Some of the developments have been incremental and some disruptive, but they have all been highly uneven. Today, information generation, processing and transmission, critically define who benefits from the transformative potential of digitalisation. Global platforms have been the major beneficiaries and creators of the new value created by these processes. Their dominance of markets through the control of data, as well as their capacity to create and capture value, have resulted in their concentration and consolidation in a very few countries and a handful of companies.
 
 
Instead of examining technological developments we will  examine the increasingly globalised trends towards digitalisation – and now ‘datafication’ – which now impact every aspect of social and economic activity. Established technologies  that led to the development of the Internet in the latter part of the 20th century, and ultra-highspeed broadband networks at the turn of the century, have been augmented over the last decade by ‘free’ applications running ‘Over-The-Top’ (OTT) of such infrastructure (such as social networks), and the Internet of Things (IOT), which is able to remotely measure, monitor and record information. With the emergence of advanced technologies merging the physical and digital realms, artificial intelligence (AI) and machine-learning technologies enable the collection, use and analysis of vast amounts of digital data arising from personal, social and business online activities.
 

With the rise of these technologies, developing countries cannot abandon or be distracted from other more fundamental digital projects, often necessary precursors to any technological take off, to address these new challenges.   These changes tend to build upon earlier developments, which are often overlapping and the outcomes uneven and contradictory. In fact, prioritising, current demand-side constraints on digital inequality – including access and affordability of information infrastructure, institutional capacity and capability and human development – will reduce the unevenness of the positive and negative impacts.

 
The hyper-globalised and uneven nature of these developments have implications for the United Nations (UN) 2030 Sustainable Development Goals (SDGs), a significant number of which are underpinned by global ICT targets that the region is way off meeting, giving rise to fundamental challenges for policymakers in countries at all levels of development.
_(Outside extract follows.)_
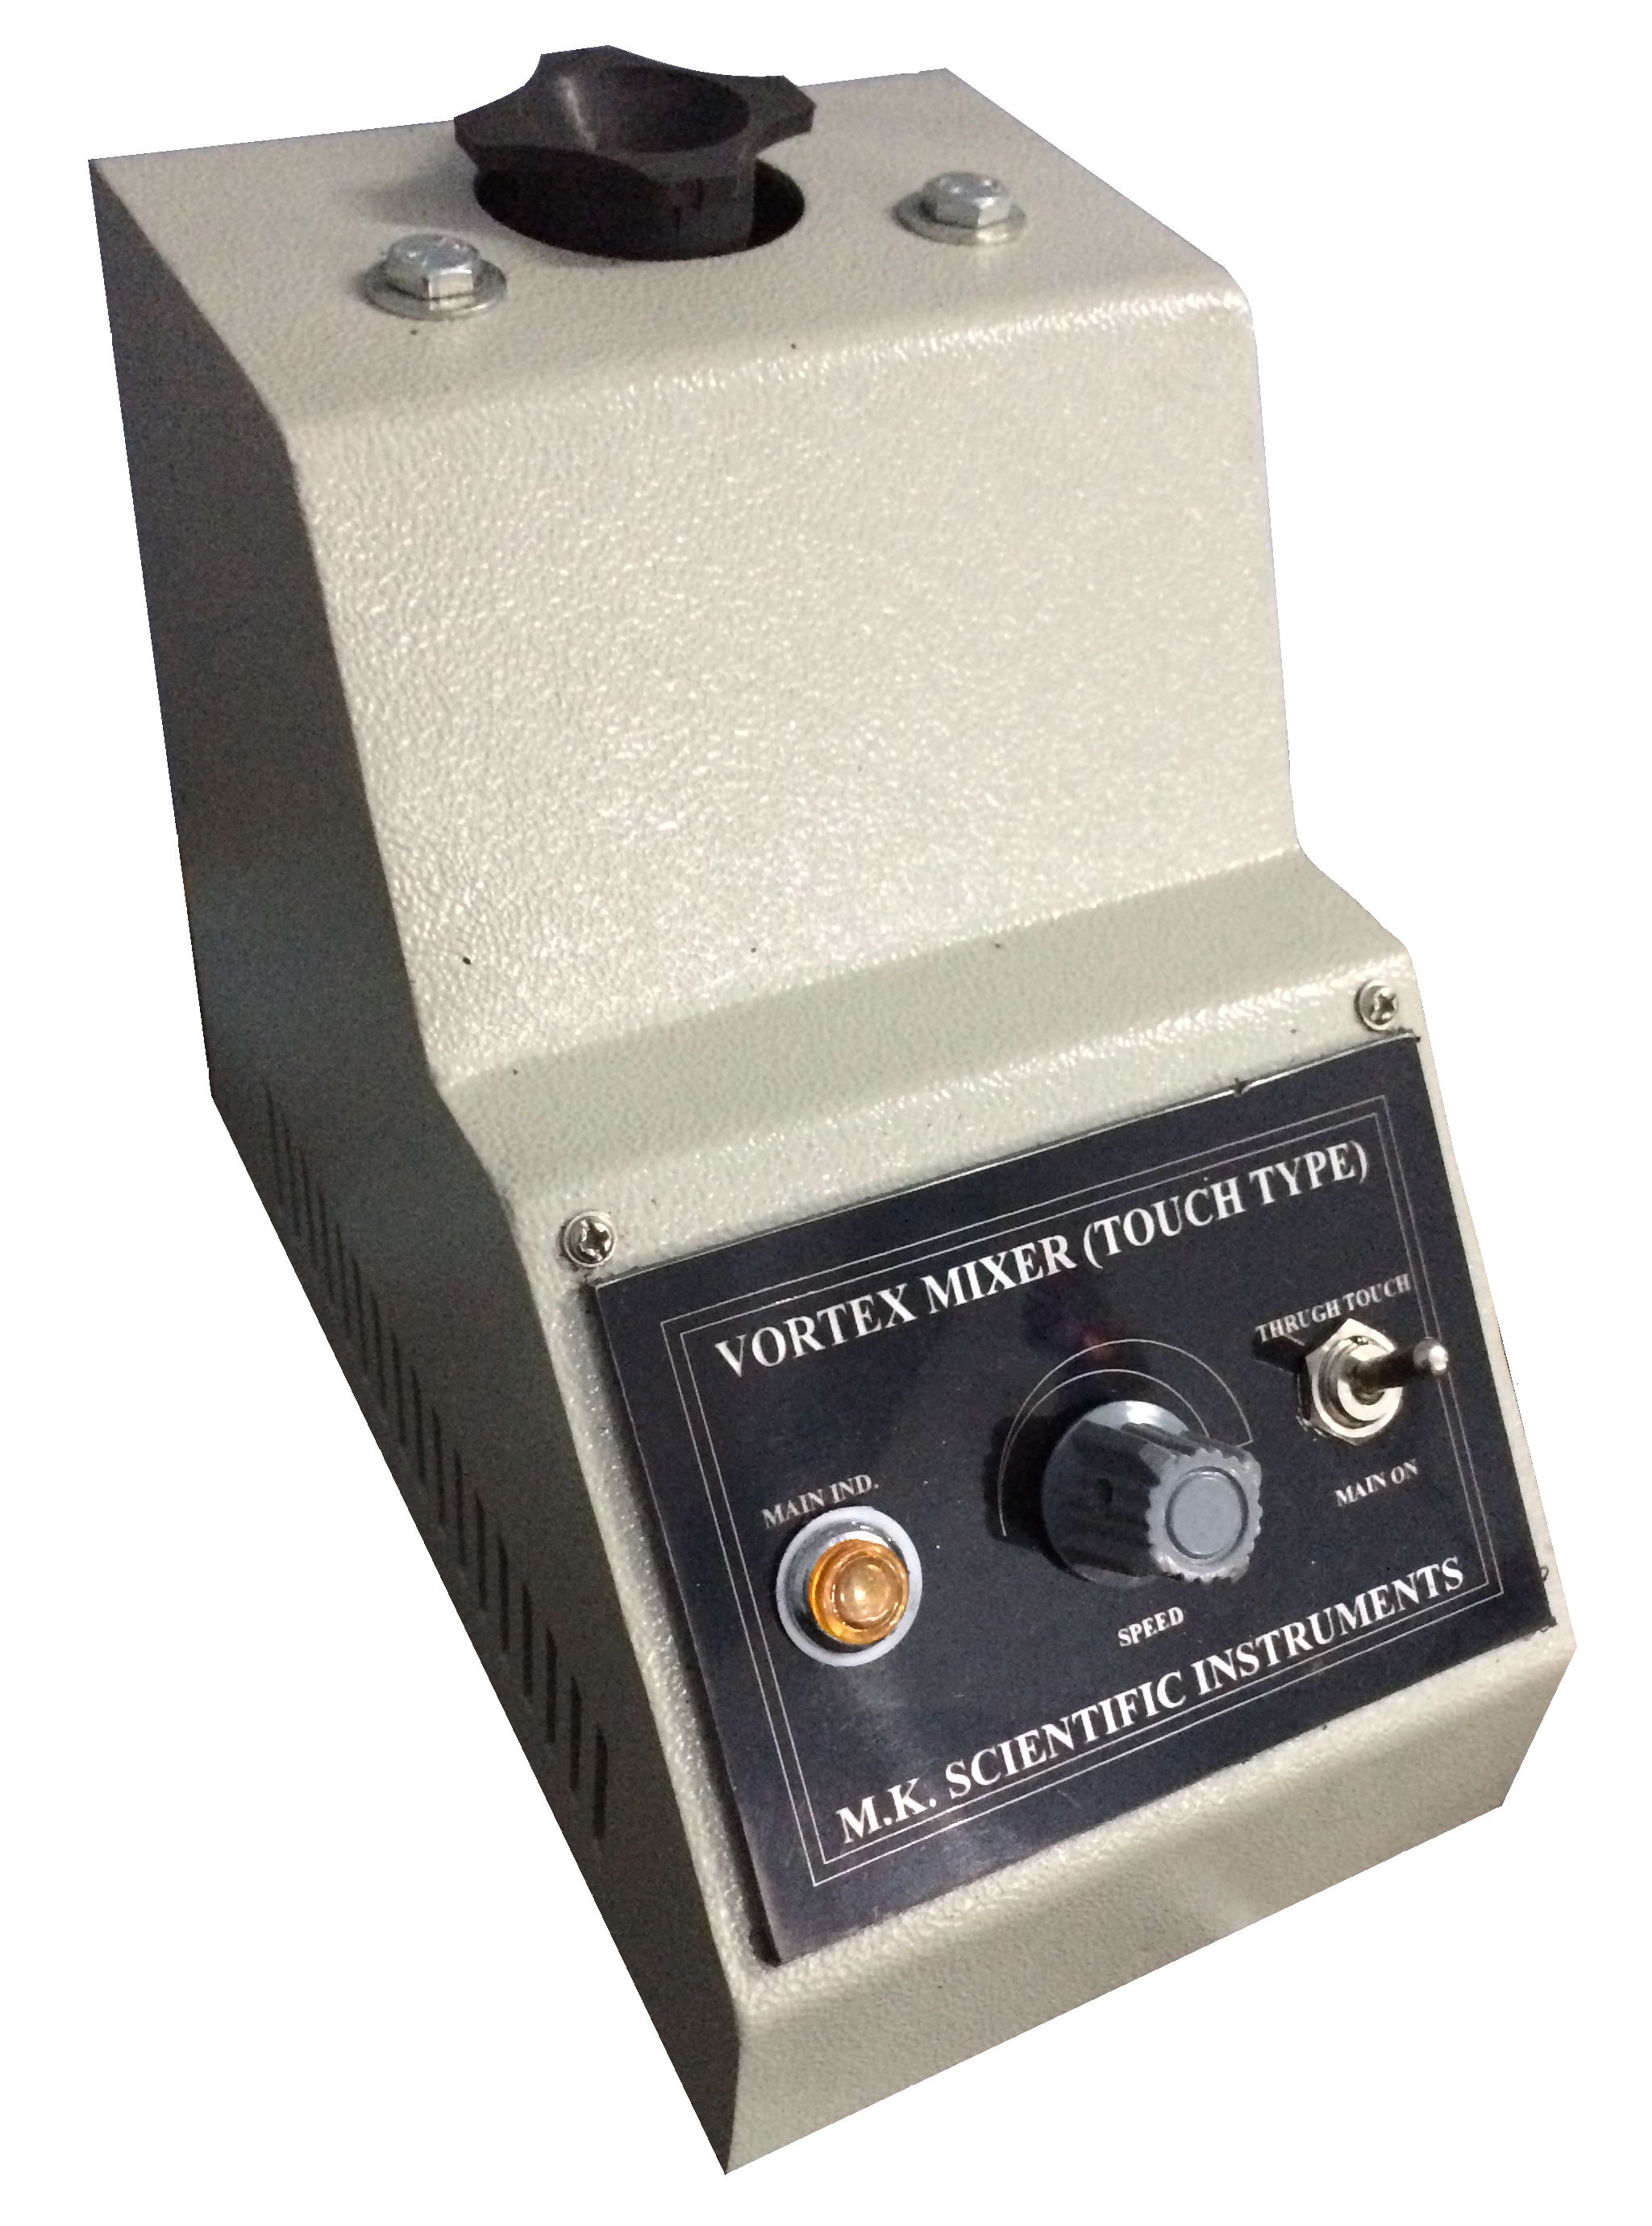 MKSI-151 Vortex Mixer

Whether countries and regions are able to create the conditions for the exploitation of these process of digitalisation and datafication to create added value, increase efficiency and productivity, create new jobs and maximise revenue generating trade and taxation, will depend on the policies adopted and implemented, as this is a common institutional challenge for developing countries. “Harnessing its potential for the many, and not just the few, requires creative thinking and policy experimentation” (UNCTAD 2019:1). While it will present challenges at different levels of government, its globalised nature will nevertheless require greater global cooperation to overcome many of them.